Collected material —
__________
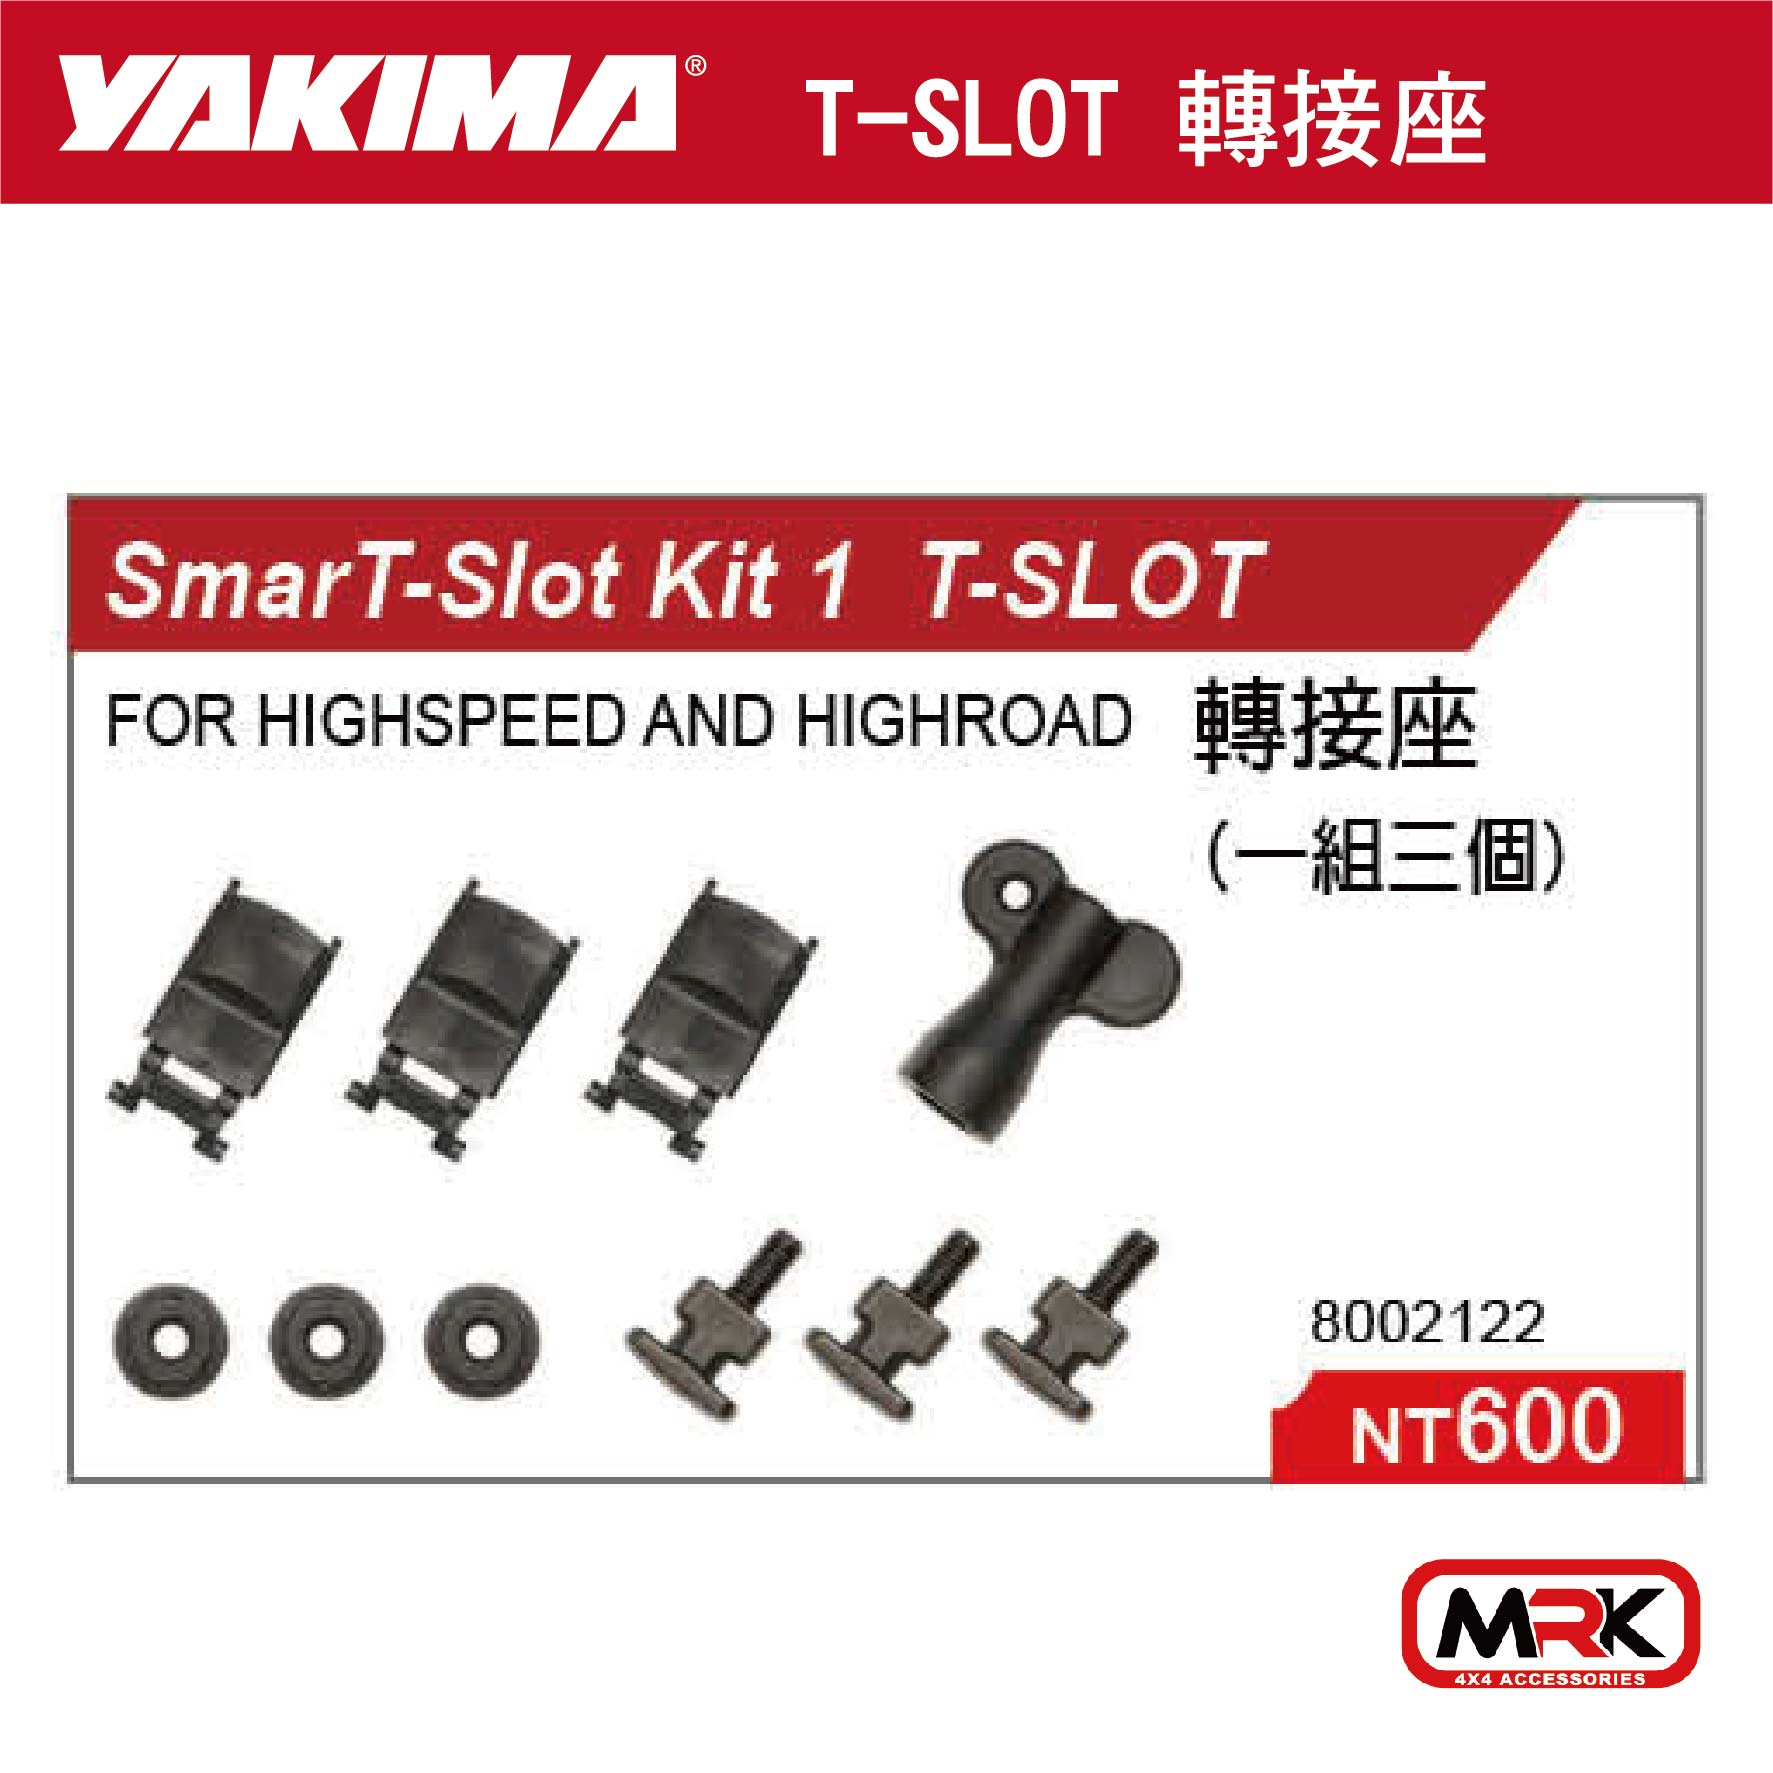 【MRK】YAKIMA SMART-SLOT KIT 1 T-SLOT 轉接座 一組三個 2122
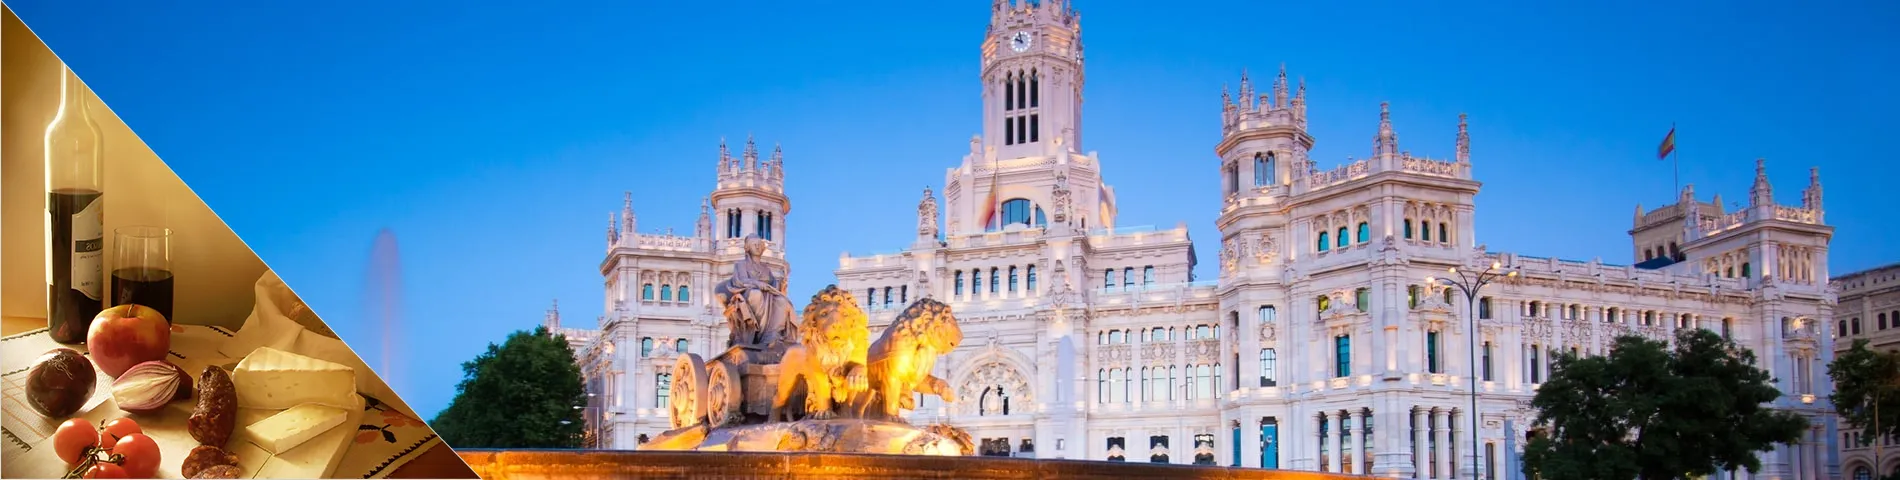 Мадрид - Испанский и культура
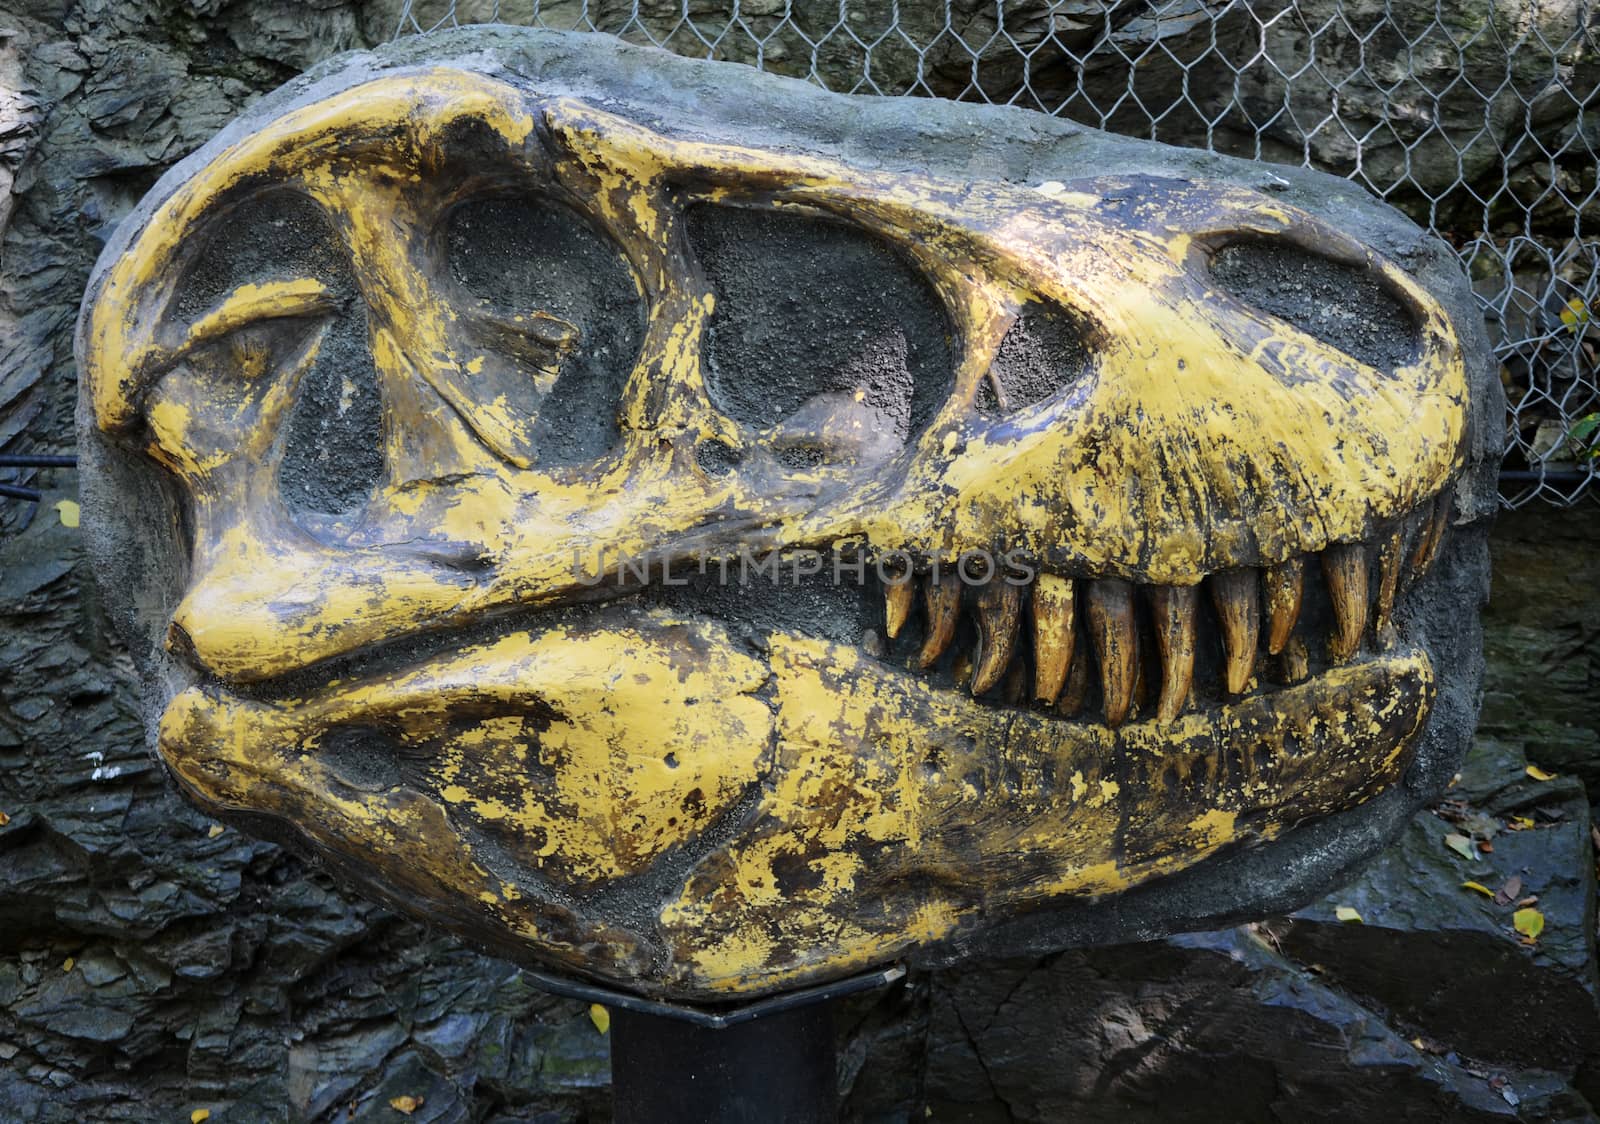 tyrannosaurus rex fossil by sarkao
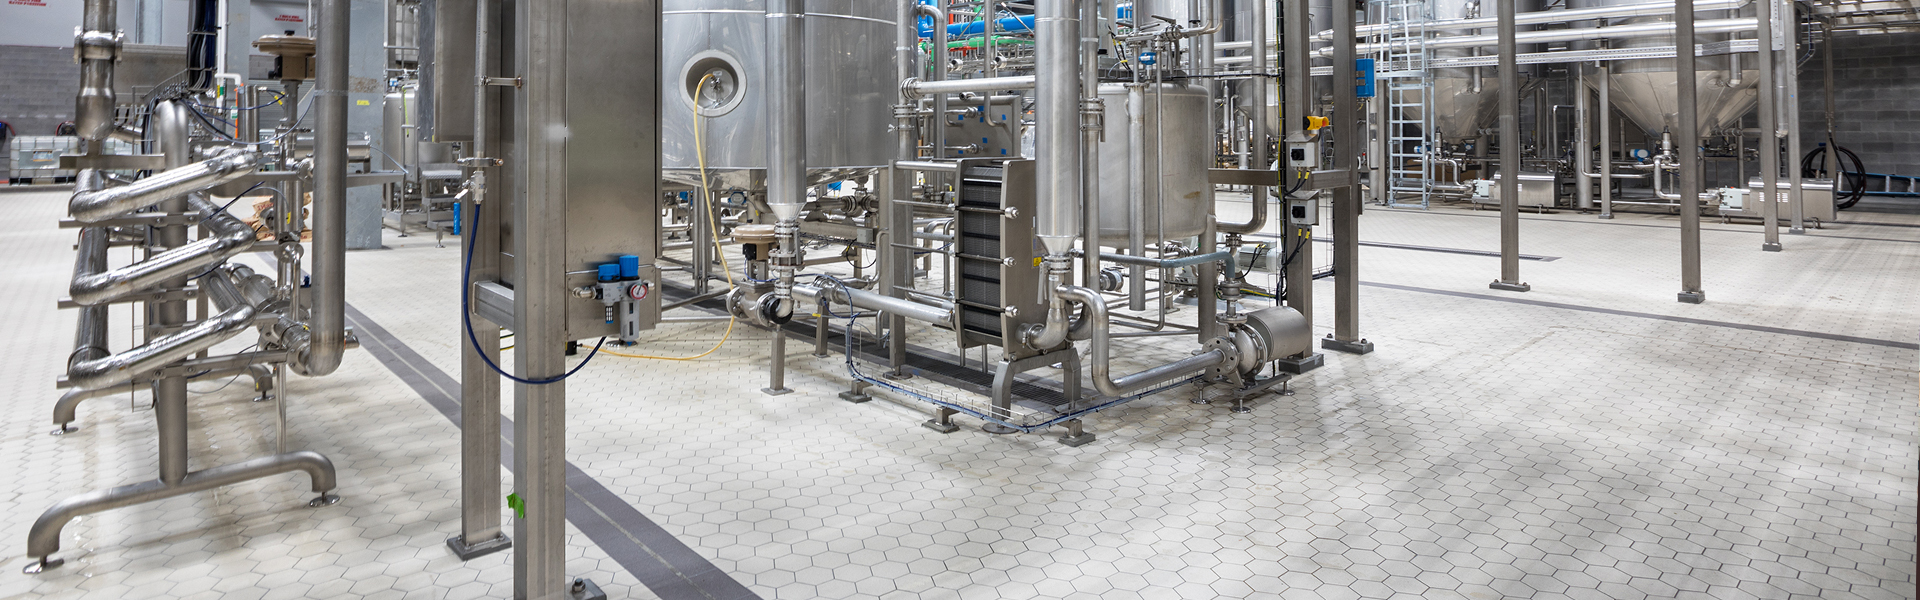 industrial tile flooring in brewery
__________
How to complete this task — Every line from the one with "Мадрид - Испанский и культура" through the last line of the data must be copied exactly. Leave the pictures out.

Response for this exercise —
 Мадрид - Испанский и культура
 tyrannosaurus rex fossil by sarkao
 industrial tile flooring in brewery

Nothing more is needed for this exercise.